• _Problem requirements_
Exact reproduction of every entry is required.

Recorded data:
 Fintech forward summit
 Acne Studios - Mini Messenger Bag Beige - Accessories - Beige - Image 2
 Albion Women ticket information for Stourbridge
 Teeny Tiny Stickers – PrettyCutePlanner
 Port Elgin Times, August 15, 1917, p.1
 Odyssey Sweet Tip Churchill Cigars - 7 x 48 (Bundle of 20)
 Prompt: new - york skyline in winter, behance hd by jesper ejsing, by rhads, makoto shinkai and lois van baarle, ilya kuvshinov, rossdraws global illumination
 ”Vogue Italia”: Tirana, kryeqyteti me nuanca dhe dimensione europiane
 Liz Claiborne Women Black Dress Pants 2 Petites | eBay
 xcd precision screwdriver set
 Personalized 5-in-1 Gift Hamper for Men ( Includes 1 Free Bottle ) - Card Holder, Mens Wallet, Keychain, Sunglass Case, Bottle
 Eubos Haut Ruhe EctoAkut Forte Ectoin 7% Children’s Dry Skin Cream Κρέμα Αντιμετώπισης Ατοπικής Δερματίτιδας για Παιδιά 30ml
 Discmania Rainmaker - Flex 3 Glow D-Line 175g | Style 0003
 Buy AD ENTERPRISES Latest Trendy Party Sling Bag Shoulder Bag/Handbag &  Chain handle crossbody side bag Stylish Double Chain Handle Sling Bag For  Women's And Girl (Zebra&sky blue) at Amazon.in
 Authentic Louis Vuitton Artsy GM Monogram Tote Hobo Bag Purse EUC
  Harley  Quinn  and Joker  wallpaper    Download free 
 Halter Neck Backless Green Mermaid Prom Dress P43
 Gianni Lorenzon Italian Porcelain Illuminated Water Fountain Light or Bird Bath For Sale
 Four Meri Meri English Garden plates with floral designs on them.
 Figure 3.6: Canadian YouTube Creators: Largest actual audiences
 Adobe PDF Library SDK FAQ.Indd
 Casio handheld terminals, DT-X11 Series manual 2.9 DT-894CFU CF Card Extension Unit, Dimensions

• _Expected answer_
 Fintech forward summit
 Acne Studios - Mini Messenger Bag Beige - Accessories - Beige - Image 2
 Albion Women ticket information for Stourbridge
 Teeny Tiny Stickers – PrettyCutePlanner
 Port Elgin Times, August 15, 1917, p.1
 Odyssey Sweet Tip Churchill Cigars - 7 x 48 (Bundle of 20)
 Prompt: new - york skyline in winter, behance hd by jesper ejsing, by rhads, makoto shinkai and lois van baarle, ilya kuvshinov, rossdraws global illumination
 ”Vogue Italia”: Tirana, kryeqyteti me nuanca dhe dimensione europiane
 Liz Claiborne Women Black Dress Pants 2 Petites | eBay
 xcd precision screwdriver set
 Personalized 5-in-1 Gift Hamper for Men ( Includes 1 Free Bottle ) - Card Holder, Mens Wallet, Keychain, Sunglass Case, Bottle
 Eubos Haut Ruhe EctoAkut Forte Ectoin 7% Children’s Dry Skin Cream Κρέμα Αντιμετώπισης Ατοπικής Δερματίτιδας για Παιδιά 30ml
 Discmania Rainmaker - Flex 3 Glow D-Line 175g | Style 0003
 Buy AD ENTERPRISES Latest Trendy Party Sling Bag Shoulder Bag/Handbag &  Chain handle crossbody side bag Stylish Double Chain Handle Sling Bag For  Women's And Girl (Zebra&sky blue) at Amazon.in
 Authentic Louis Vuitton Artsy GM Monogram Tote Hobo Bag Purse EUC
  Harley  Quinn  and Joker  wallpaper    Download free 
 Halter Neck Backless Green Mermaid Prom Dress P43
 Gianni Lorenzon Italian Porcelain Illuminated Water Fountain Light or Bird Bath For Sale
 Four Meri Meri English Garden plates with floral designs on them.
 Figure 3.6: Canadian YouTube Creators: Largest actual audiences
 Adobe PDF Library SDK FAQ.Indd
 Casio handheld terminals, DT-X11 Series manual 2.9 DT-894CFU CF Card Extension Unit, Dimensions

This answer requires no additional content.